OIL PRICES declined moderately this week as bullishness to the anticipated production cuts by the Organization of the Petroleum Exporting Countries (Opec) waned.
Petron and Shell on Monday announced a rollback of 15 centavos per liter for gasoline, 60 centavos per liter on diesel, and 40 centavos per liter on kerosene effective 6 a.m. today.
In an advisory, Seaoil said it was reducing prices of gasoline by 15 centavos per liter, diesel by 60 centavos per liter, and kerosene by 40 centavos per liter.
Phoenix Petroleum Philippines and PTT Philippines announced price cuts of 15 centavos per liter for gasoline and 60 centavos per liter for diesel effective 6 a.m. today.
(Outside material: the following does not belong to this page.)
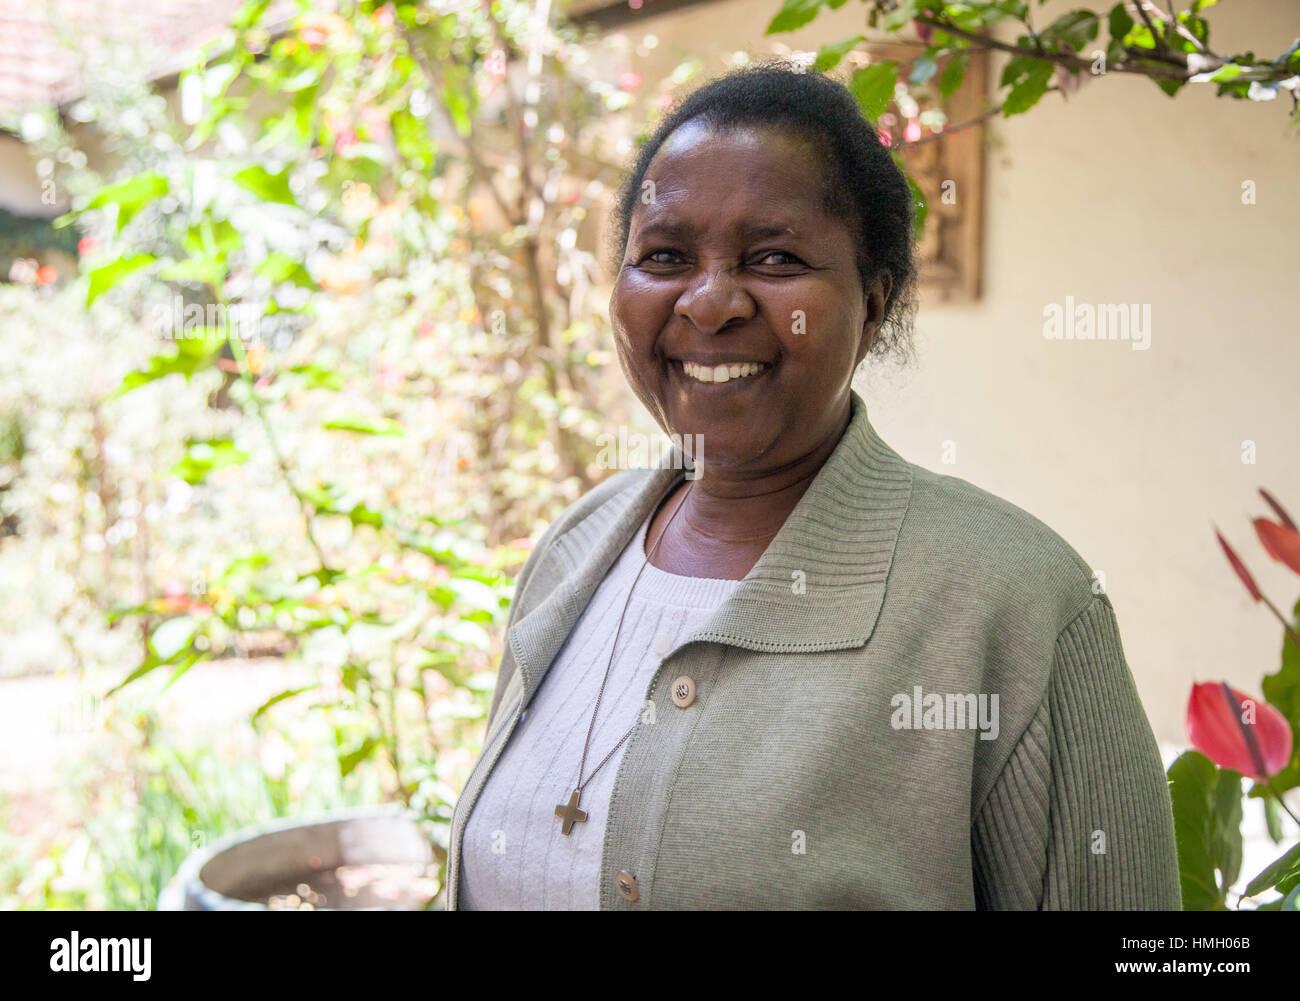 Nairobi, Kenya. 11th Jan, 2017. Ephigenia Gachiri stands in the Catholic Loreto abbey in Nairobi, Kenya, 11 January - Stock Image

Both do not sell kerosene.
Including the latest adjustment, prices of major fuel products will have risen by 22 centavos per liter for gasoline and 60 centavos per liter for diesel.
Other oil firms had not made formal announcements as of press time but are expected to follow suit.
Most of the country’s fuel products are from imported sources, which mean distributors are subjected to similar price factors such as international oil prices, foreign exchange rates, taxes, and logistics.
There have been various price rallies since the start of 2016 but none of them seem to go beyond the $40 to $43 per barrel range. Despite periods of bullishness that drive prices up, prices have remained relatively stable since the market is still fundamentally oversupplied.
Talks of Opec cutting production at the urging of some members have made prices spike now and then since January but until now, no concrete steps have been taken for the group to curb output in order to drive prices up.
Major members such as Saudi Arabia are seen to be treading carefully since too-low prices are hitting Opec economies but at the same time, prices above $45 per barrel may revive shale oil operators in the US that had folded in recent months. If that happens, there will may be another round of oversupply and price crashes, which would only prolong the problems of traditional petroleum producers.
Retail oil prices in the Philippines are set weekly, largely directed by international trading the week before.
Oil prices fell Monday as talks of production cuts seem to have lost steam while US output remains high and concerns remain of whether economic growth in Asia would be enough to drive up demand.